This configuration is useful for high-precision workflows where noisy abstracts must be aggressively filtered.

Using Custom Patterns

You can override detection patterns for placeholders/boilerplate/artifacts:

custom_clean <- clean_abstract_for_embedding(
  df,
  placeholder_patterns = c("abstract unavailable", "^none$"),
  boilerplate_patterns = c("all rights reserved", "publisher notice"),
  html_patterns = c("<[^>]+>", "&nbsp;")
)

Integration with `embed_corpus()`

Default integration:

embed_corpus(
  project_dir = "my_project",
  cleaner_args = list(
    mode = "balanced",
    no_abstract_policy = "keep_title_only"
  )
)

Custom preprocessor integration:

my_preprocessor <- function(df, suffix = "") {
  text <- paste0("Title: ", df$title, " ", suffix)
  data.frame(
    id = as.character(df$id),
    text = text,
    text_hash = vapply(
      text,
      digest::digest,
      character(1),
      algo = "xxhash64",
      serialize = FALSE
    ),
    text_quality = "custom",
    stringsAsFactors = FALSE
  )
}

embed_corpus(
  project_dir = "my_project",
  text_preprocessor = my_preprocessor,
  cleaner_args = list(suffix = "[custom]")
)

Preprocessor Validation in `embed_corpus()`

embed_corpus() validates custom preprocessor output:

must return a data frame
must contain id, text, text_hash
no duplicated id
no ids outside the current input batch

Rows with empty/NA id or text are dropped before embedding.

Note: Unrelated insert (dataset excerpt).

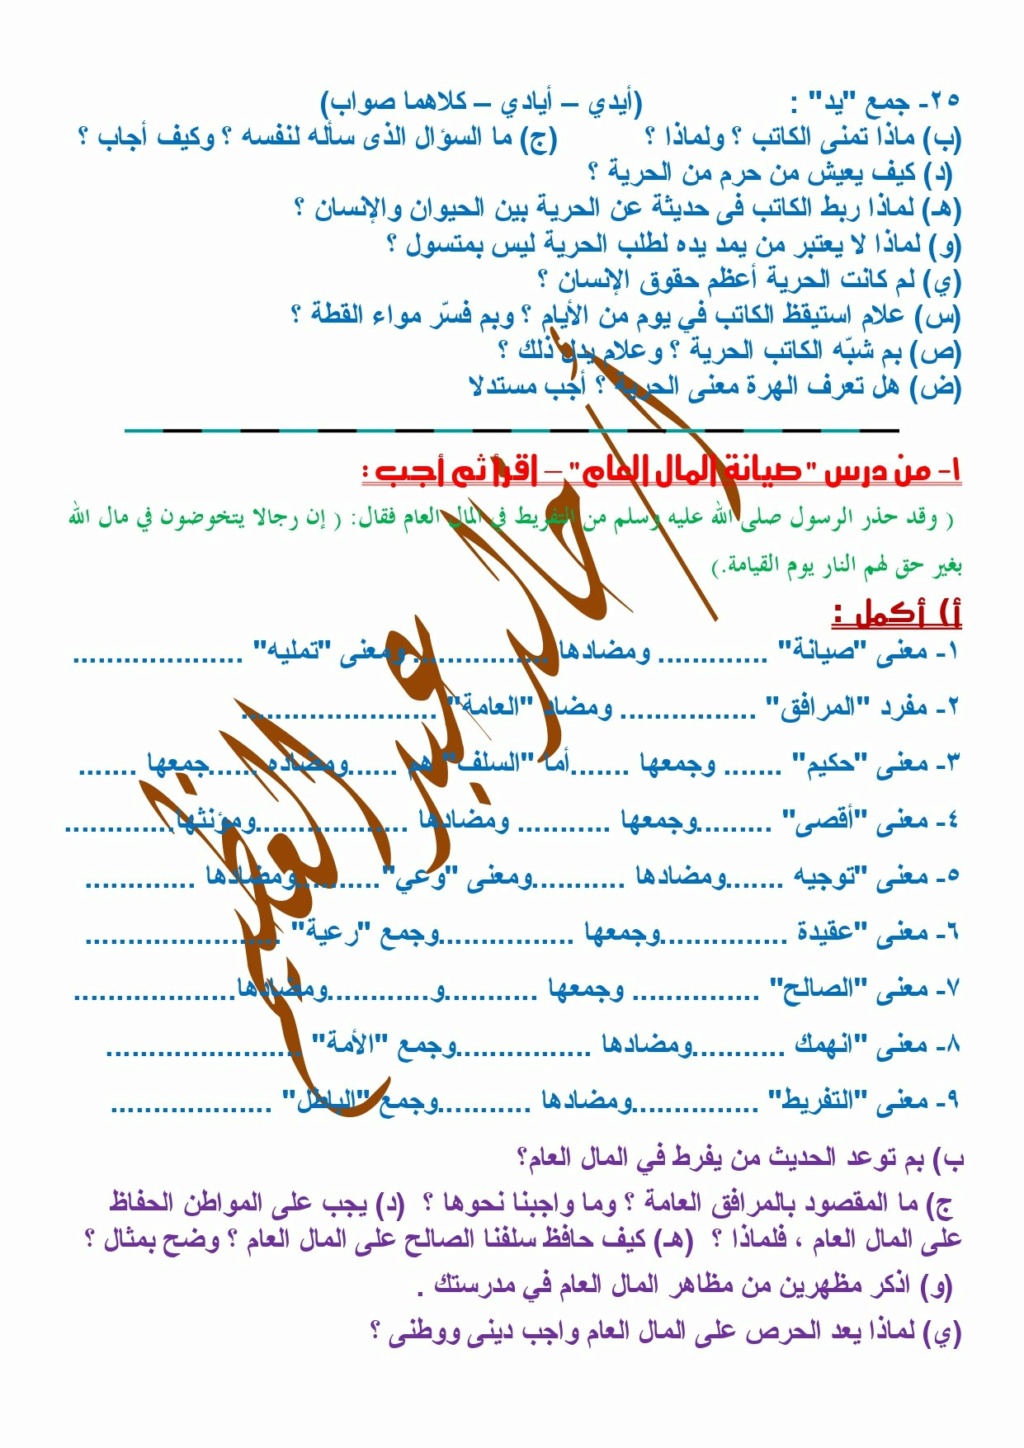 مراجعة القراءة ليلة الامتحان للصف الأول الإعدادي أ/ خالد عبد العظيم  1718

Output Provenance and Auditability

When using default cleaner flags, embedding output parquet includes cleaning provenance columns in addition to embedding metadata (provider, model_id, created_at, text_hash, V1..Vd).

This makes it straightforward to:

analyze quality tiers (title_abstract vs title_only)
filter rows for downstream scoring/calibration
debug why some abstracts were not kept

Recommended Operational Defaults

For most large OpenAlex-style corpora:

mode = "balanced"
no_abstract_policy = "keep_title_only"
keep provenance columns enabled (return_flags = TRUE)

Then tune stricter settings only if evaluation shows too much noise in downstream relevance scoring.

Summary

clean_abstract_for_embedding() provides a practical, auditable, and pluggable cleaning layer for embedding pipelines:

conservative semantic-preserving cleaning
configurable strictness and missing-abstract policy
deterministic hashing for resume
clear provenance for analysis and debugging